New to GWODs? Start by reading our FAQ and picking the program — 2, 3, or 4 days per week — that’s right for you!

2 Times Per Week:

GWOD Warm-up “Lite” (for the full warm-up, check out our FAQ)

Supine Bridge: 10 reps

Quadruped Extension-Rotation: 8 reps per side

High Knee Walk: 5 reps per leg

Scapular Wall Slides: 10 reps

Wall Ankle Mobilization: 8 reps per leg

(Perform the paired exercises as supersets. For example, perform 1 set of A1, then casually walk to the station for A2, perform that set, then rest 60-90 seconds)

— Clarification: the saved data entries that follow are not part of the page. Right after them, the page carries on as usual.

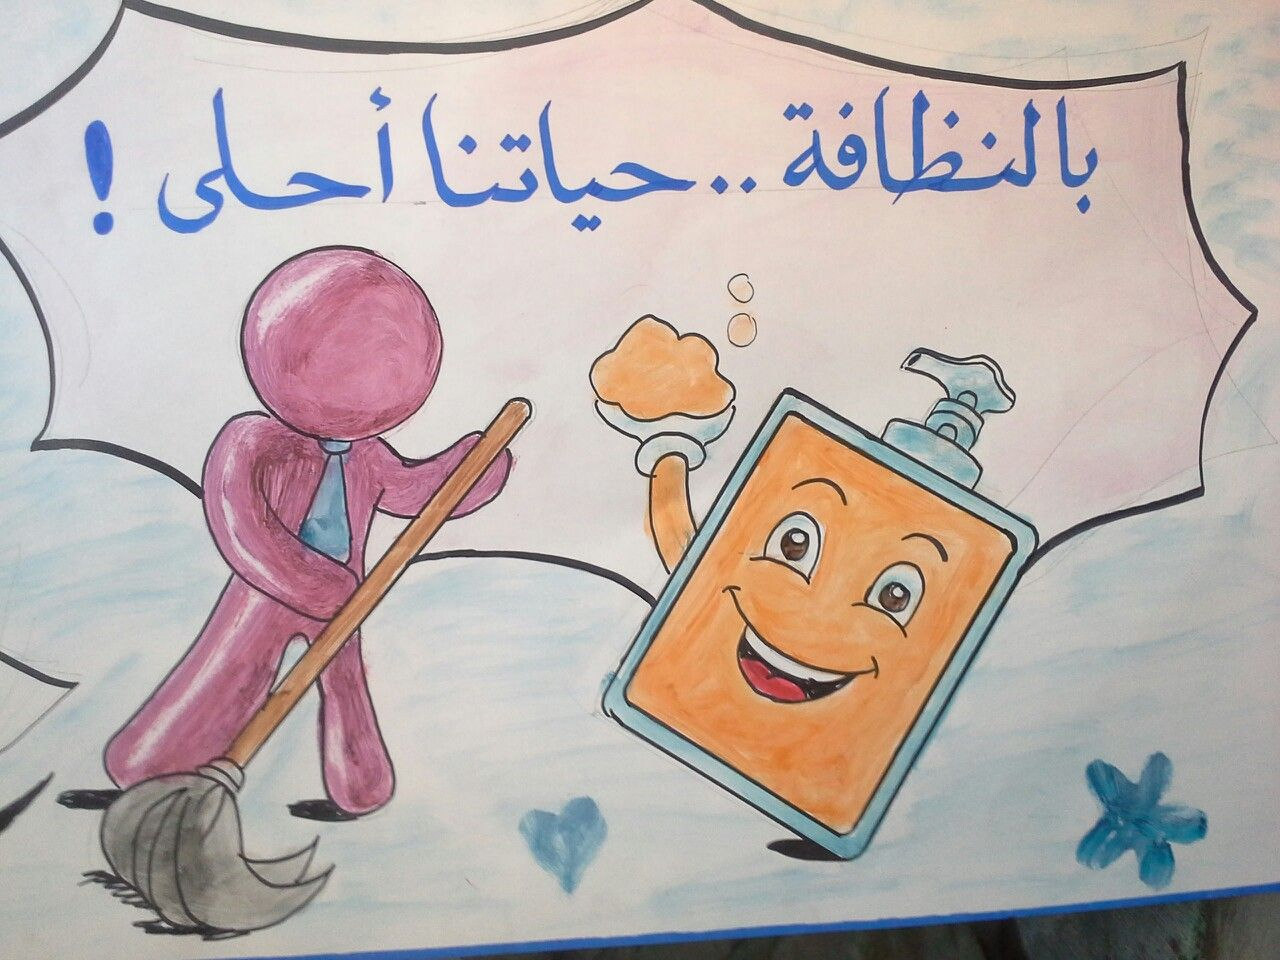 بالصور صور عن النظافة , اشياء حثنا عليها الاسلام بدونها نمرض 6663 2
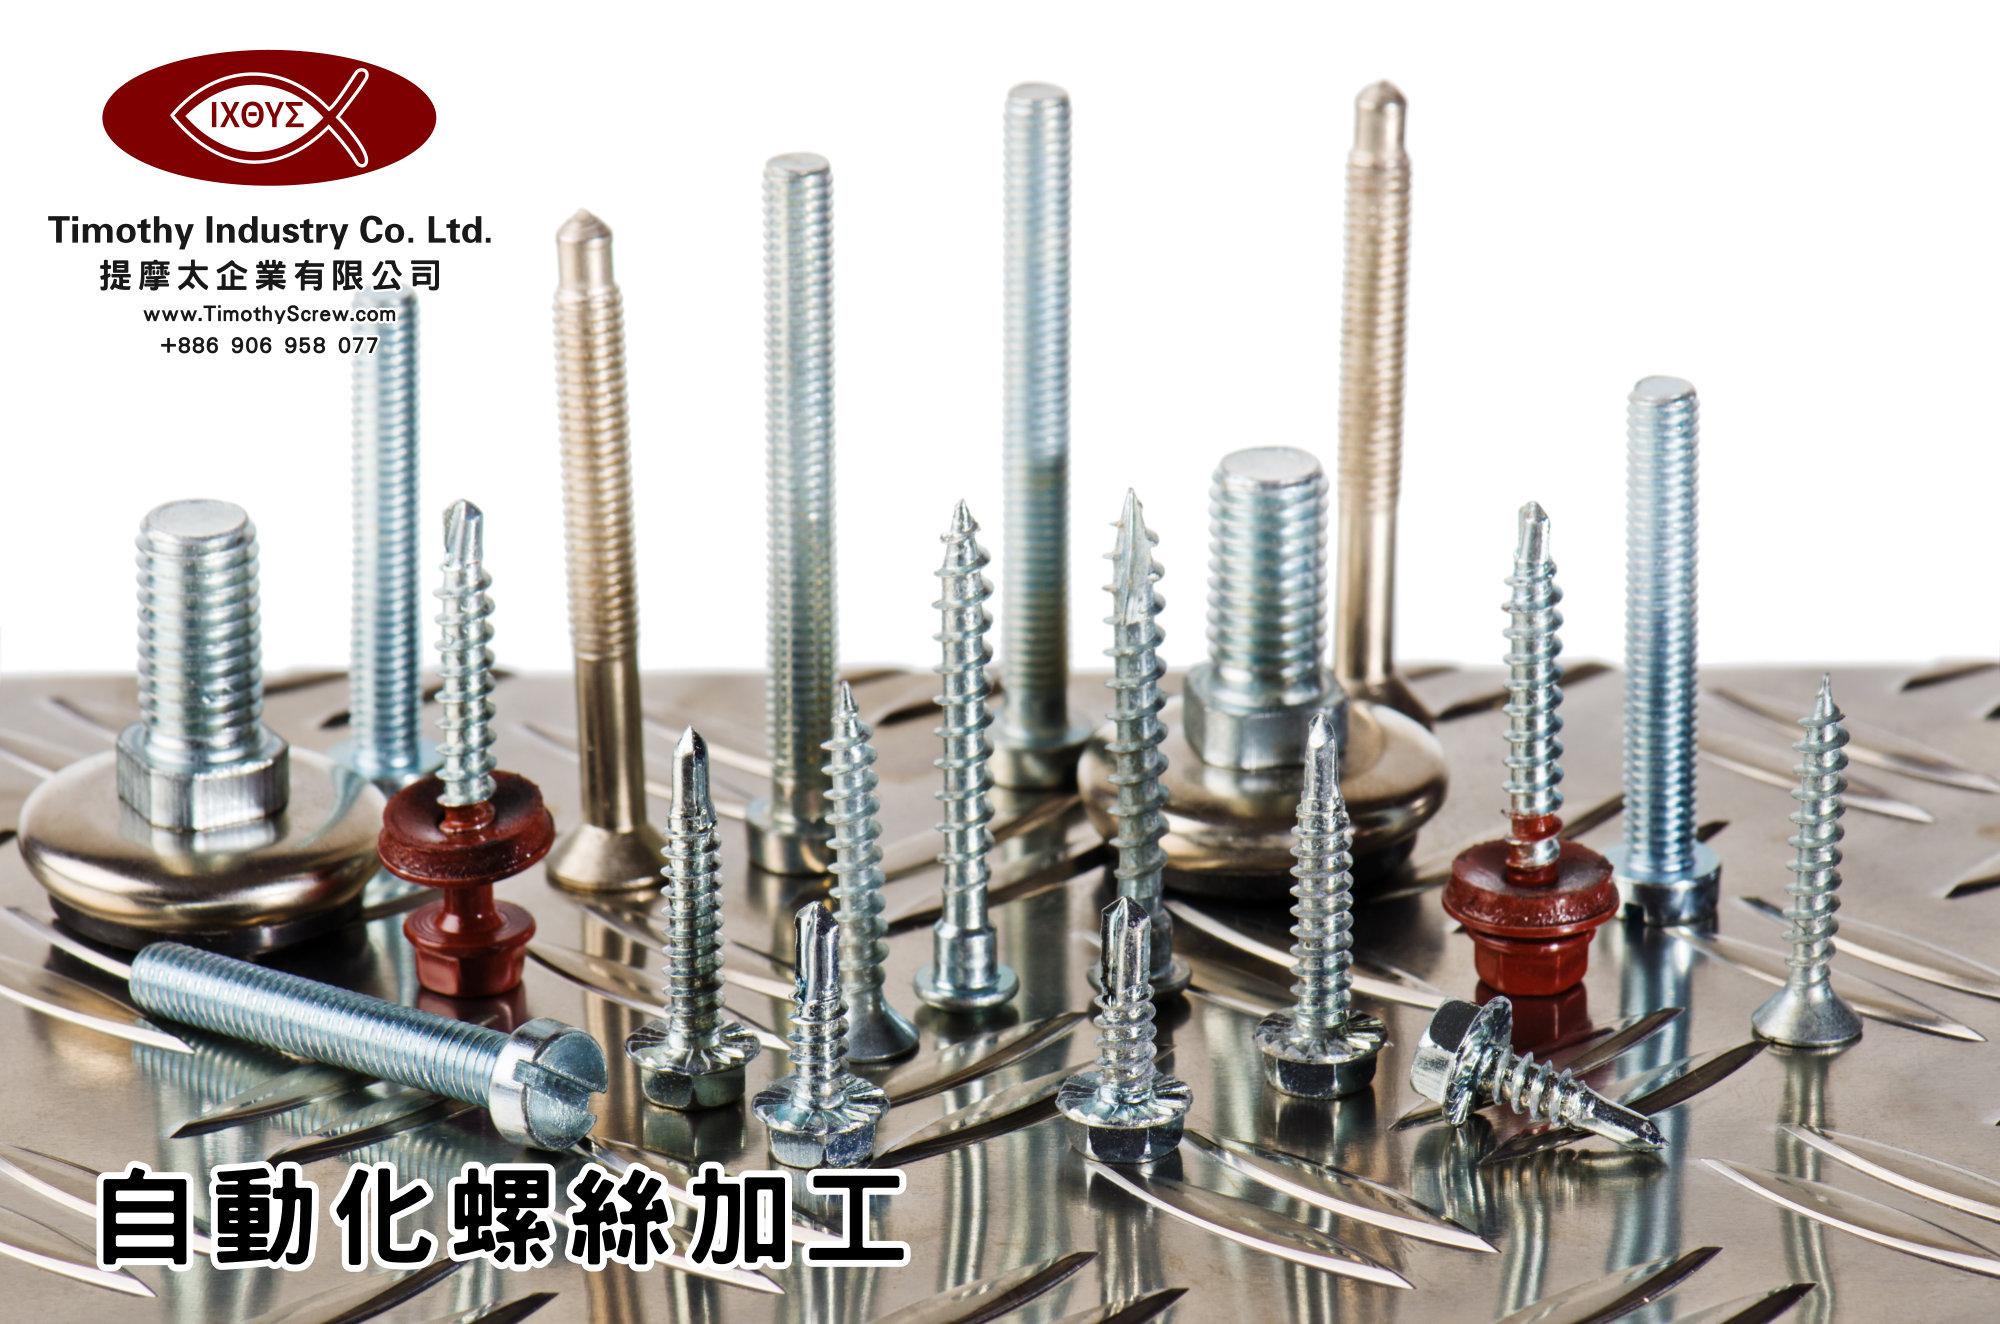 提摩太企業有限公司 Timothy Industry Co Ltd 自動化螺絲加工 車床部 銑床部 台灣自動化螺絲加工 螺絲製造 A25
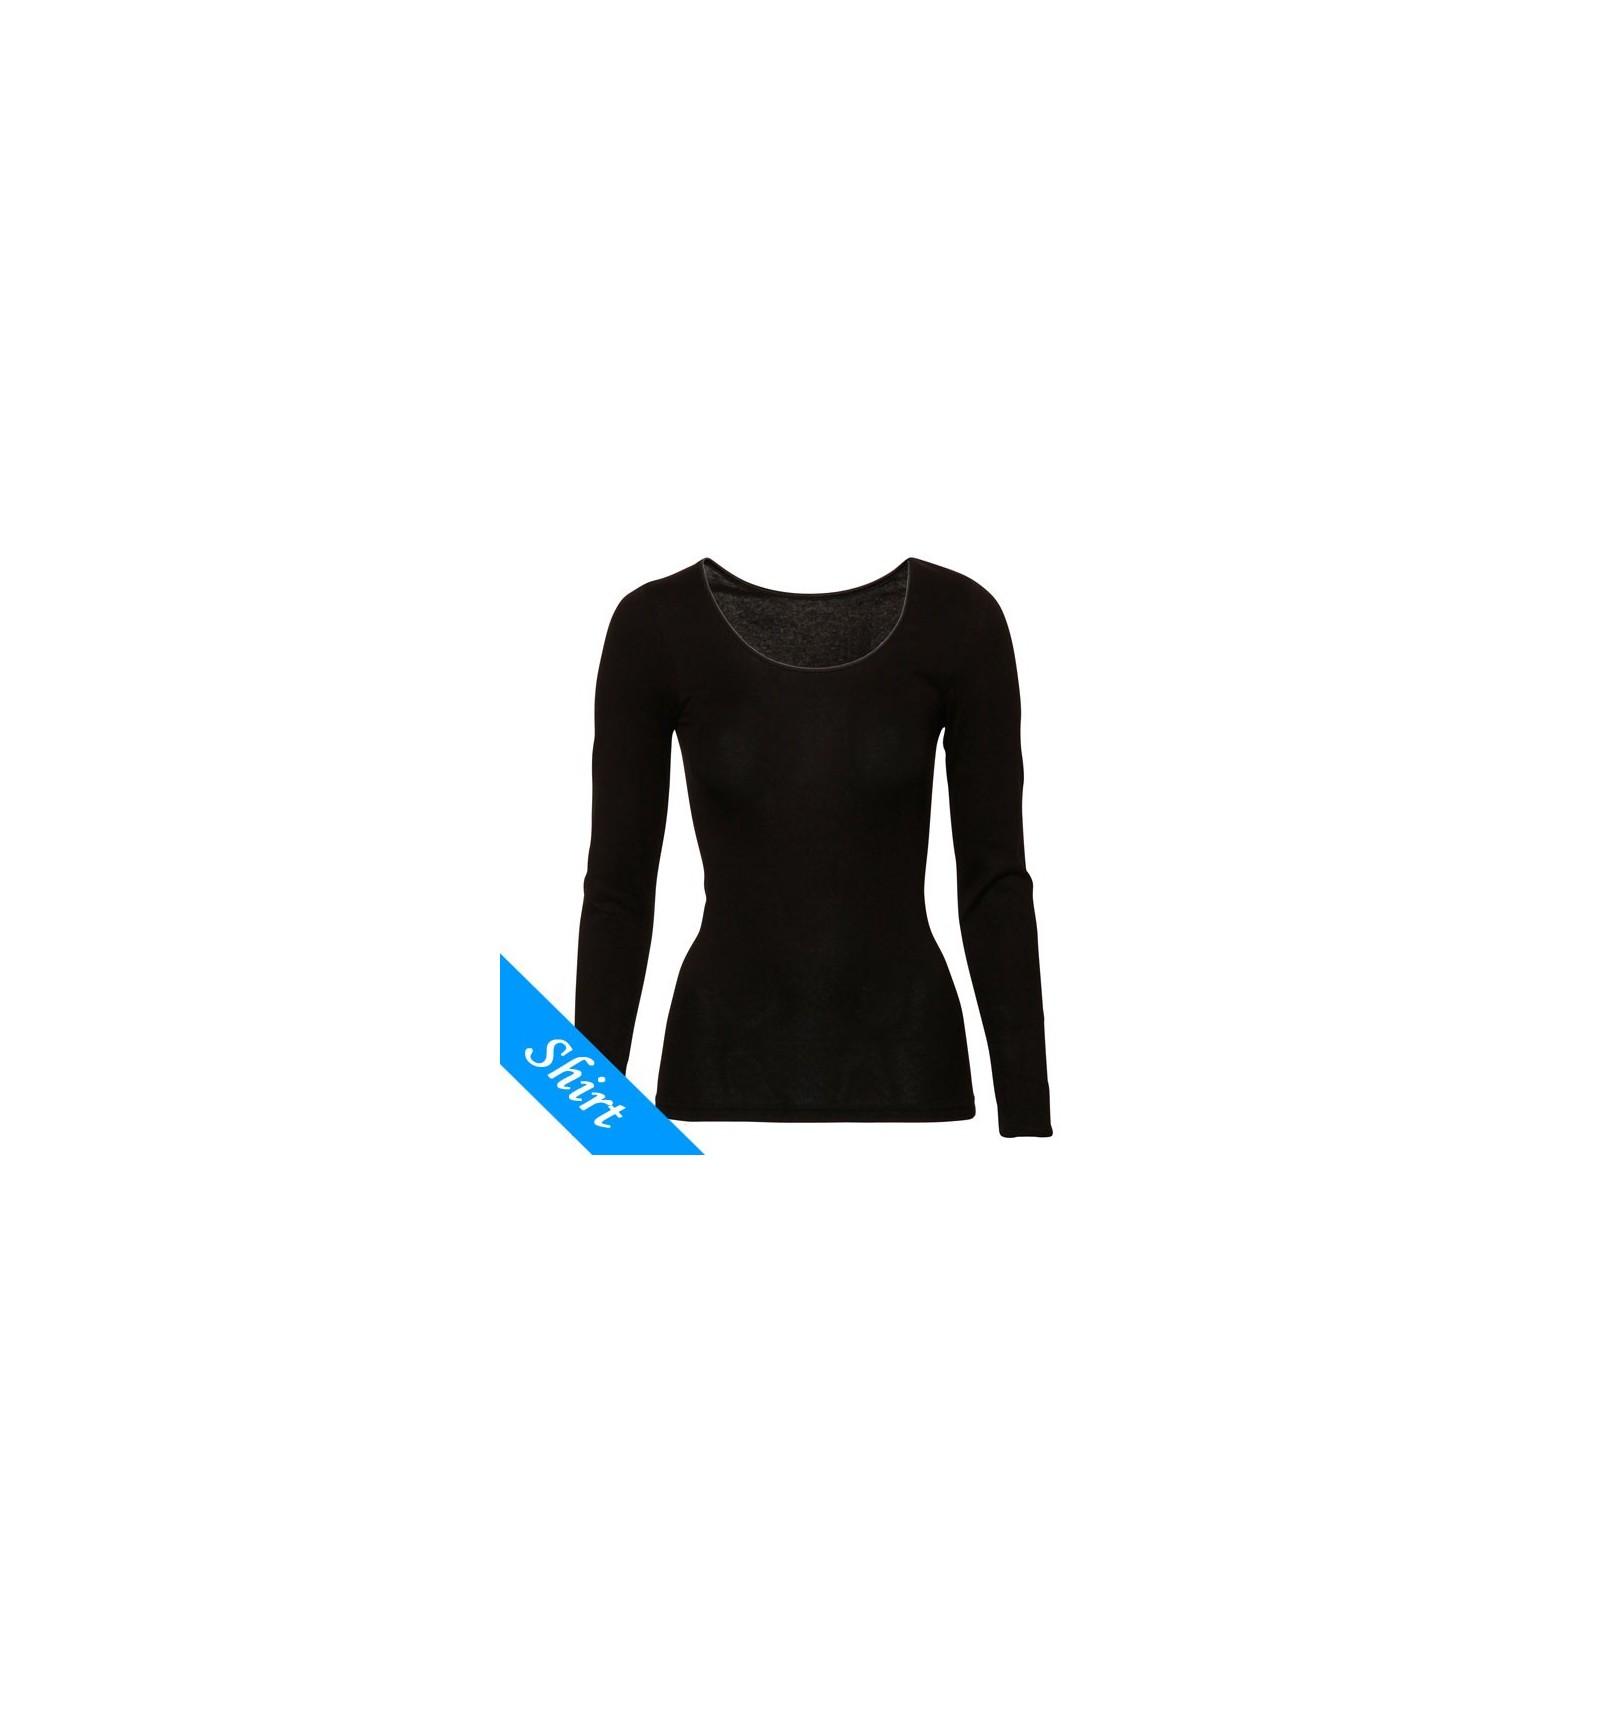 4b473dc89d4 Ten Cate Dames Longsleeve Shirt Zwart
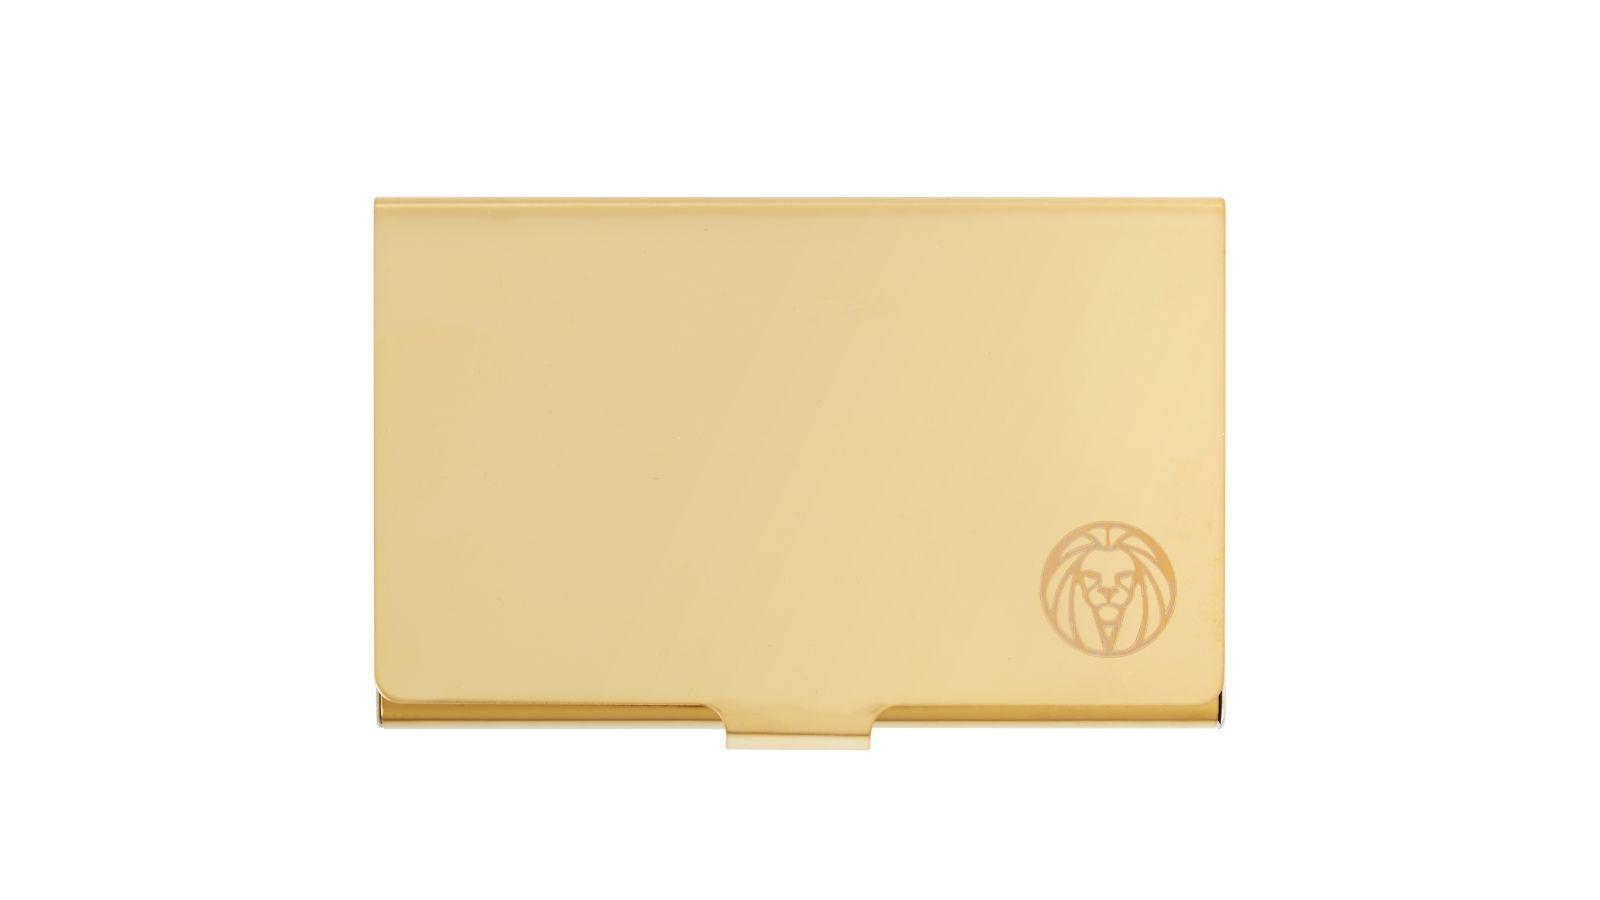 Golden Steel Cardholder | Lucleon | In stock!

A1) Dumbbell Goblet Squat to Box — 3 sets of 8 reps

A2) Push-Up — 3 sets of 8 to 10 reps

(do knee push-ups if you cannot do full push-ups for more than 3 reps)

B1) Dumbbell Step-Ups — 2 sets of 8 reps (per leg)

(choose a box  or bench that puts the leg at a 90 degree angle)

B2) Stability Ball Rollout — 3 sets of 8 to 10 reps

C1) Seated Cable Row, Neutral Grip — 3 sets of 10 reps

(“neutral grip” means the hands are facing each other while the exercise is performed — read below for some pro grip tips from Coach Dan!)

C2) Side Plank — 3 sets of 15 seconds per side

D1) Cable External Rotation, 90 degrees — 1 set of 8 per arm

D2) Wall Hip Flexor Stretch — 20 seconds per leg

E) (Optional) 15-20 Minutes Steady-State Cardio OR 10 Minutes Bike Intervals, 10 seconds sprint followed by 50 seconds recovery

3 Times Per Week:

Same as 2 time/week workout

4 Times Per Week:

GWOD Warm-up “Lite” (for the full warm-up, check out our FAQ)

Supine Bridge: 10 reps

Quadruped Extension-Rotation: 8 reps per side

High Knee Walk: 5 reps per leg

Scapular Wall Slides: 10 reps

Wall Ankle Mobilization: 8 reps per leg

(Perform the paired exercises as supersets. For example, perform 1 set of A1, then casually walk to the station for A2, perform that set, then rest 60-90 seconds)

A1) Front Box Squats — 3 sets of 6 reps

A2) Wall Hip Flexor Mobilization — 3 sets of 8 reps per leg

B1) Dumbbell Reverse Lunge — 2 sets of 8 reps per leg

B2) Stability Ball Rollout — 2 sets of 10 reps

C1) Pull-through — 3 sets of 10 reps

C2) Side Plank — 3 sets of 15 seconds per side

D1) Side Lying Clams — 2 sets of 10 per leg

D2) Supine Bridge — 2 sets of 10

E) 10 minutes of bike intervals, 10 seconds sprint followed by 50 seconds recovery

*From Coach Dan: One of the simplest and most effective ways of altering the level of difficulty and muscle recruitment of any exercise is to vary your grip. A neutral grip occurs when your palms face each other. It is a great grip choice for many exercises as it allows for a full range of motion on both pulls and presses and places less stress on the shoulder joint.